Deloitte has agreed to refund 440,000 Australian dollars after delivering a severely flawed report to Australia's Department of Employment and Workplace Relations. The document was riddled with AI-generated errors that exposed the firm's undisclosed use of generative AI.
What Went Wrong
The report, commissioned in December and delivered in July, contained:
- Fake citations
- Non-existent footnotes
- Fabricated quotes attributed to a federal judge
Christopher Rudge, an academic from the University of Sydney, accessed the document and publicly exposed the inconsistencies—clear signs of AI hallucination.
The Cover-Up Attempt
Initially, Deloitte denied using generative AI to produce the report. However, further investigation confirmed the firm had used Azure OpenAI GPT-4o.
Faced with evidence, Deloitte backed down and committed to the full refund.
Government Response vs. Expert Opinion
The Department removed the problematic sections and claimed "the substance of the conclusions remains valid" with their edited version.

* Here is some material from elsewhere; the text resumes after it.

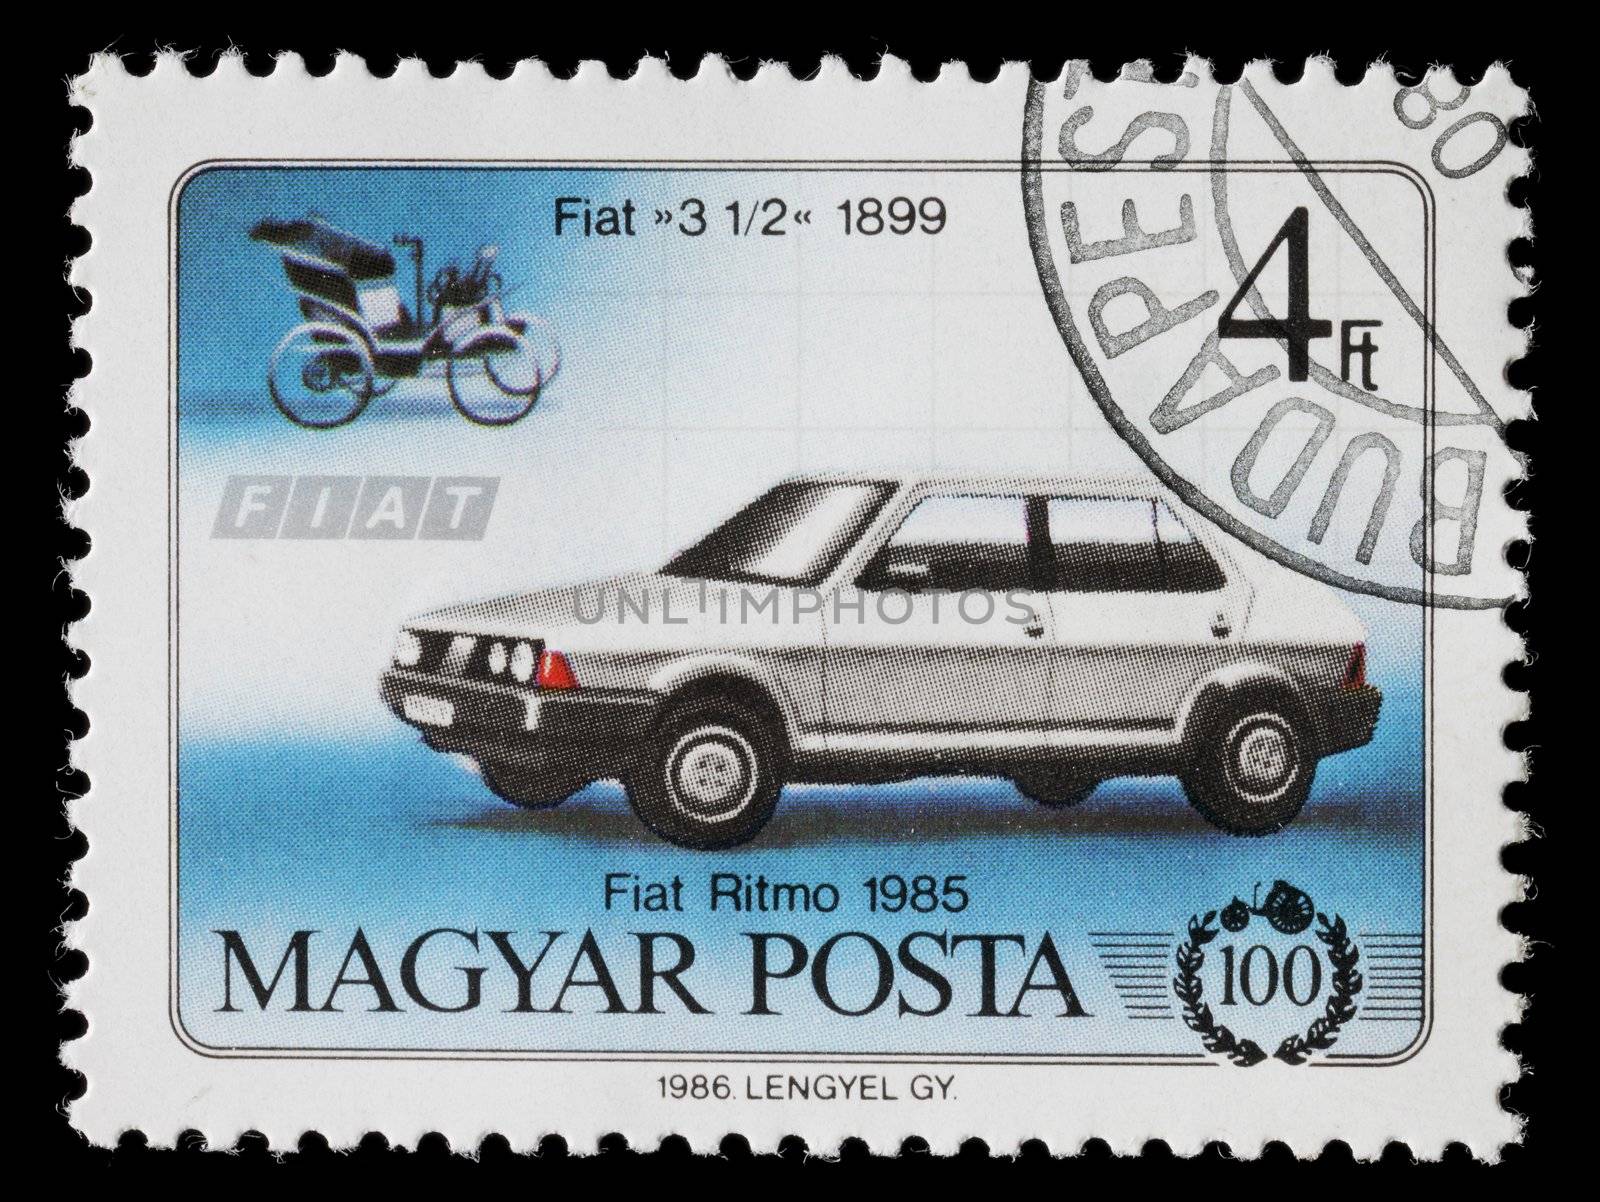 Fiat Stamp by Stocksnapper
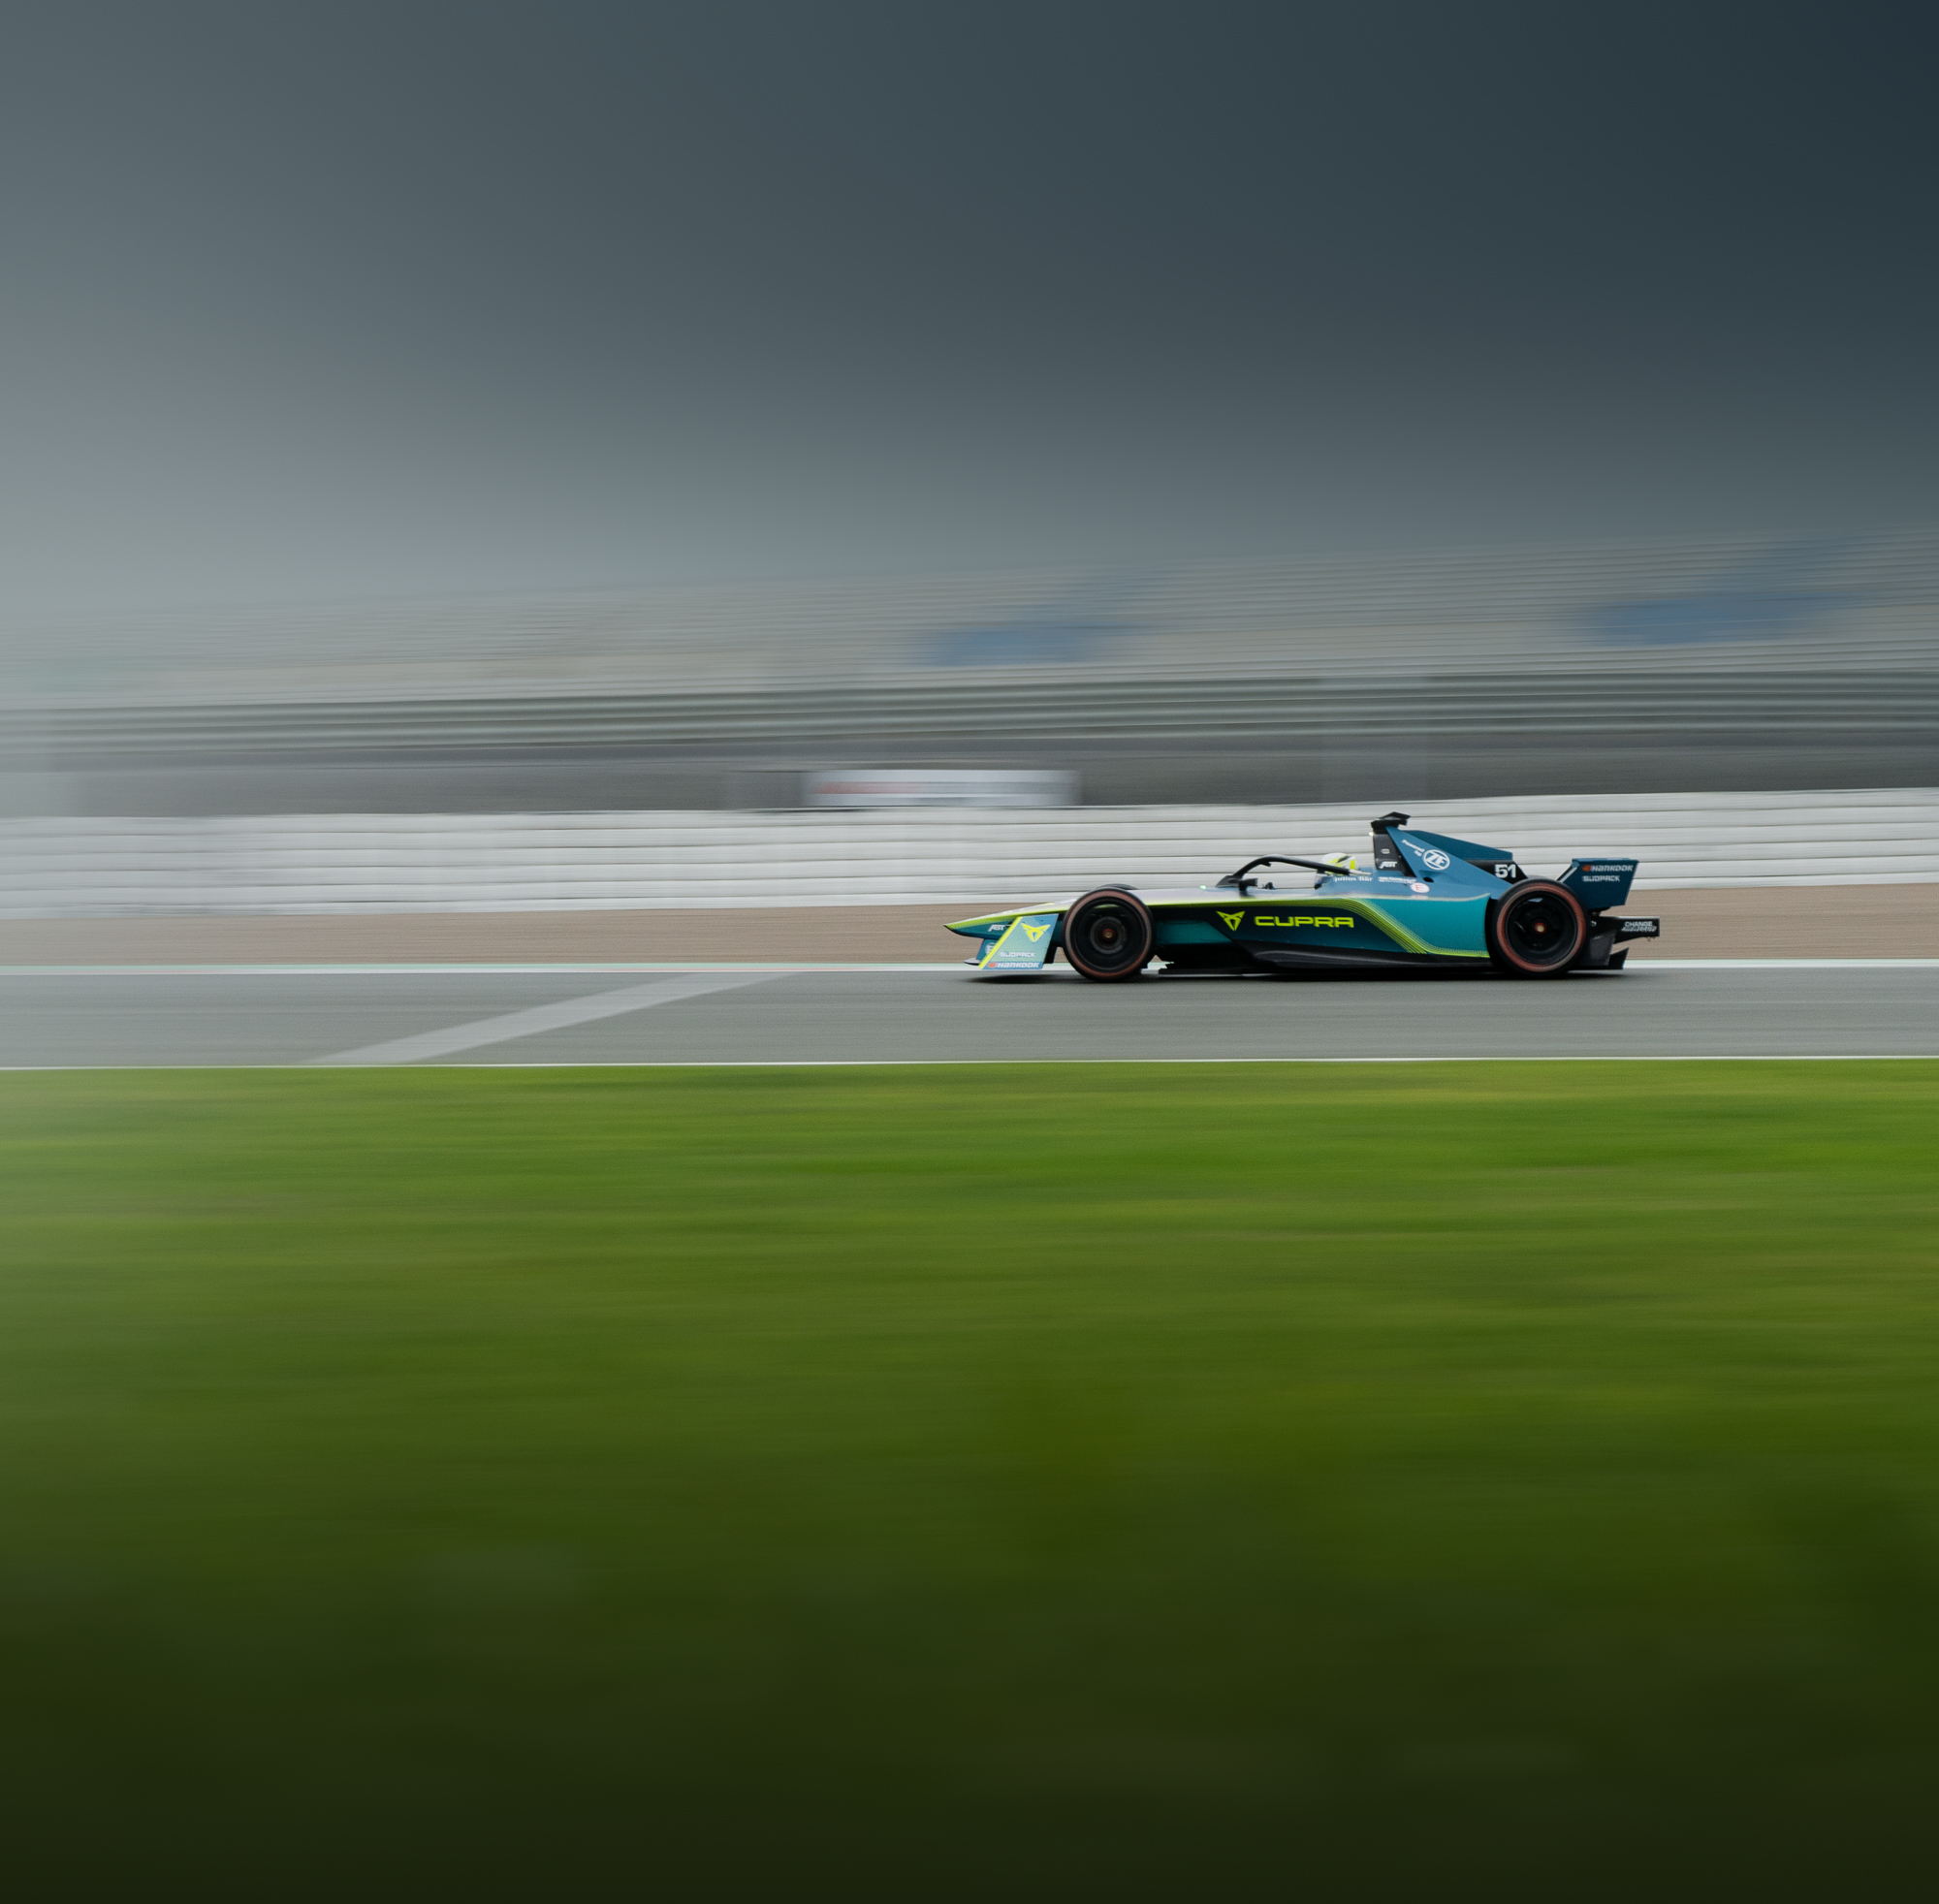 The ABT CUPRA FE team hits the tracks for the first time with the new Gen3 Formula E car at Valencia

Rudge strongly disagrees: "You cannot trust the recommendations when the report's foundation is built on flawed, originally undisclosed, and non-expert methodology."
The Bigger Picture
This incident highlights critical concerns about:
- Undisclosed AI usage in professional services
- Quality control failures at major consulting firms
- Risks of AI hallucinations in official government documents
Deloitte has declined to comment on the incident.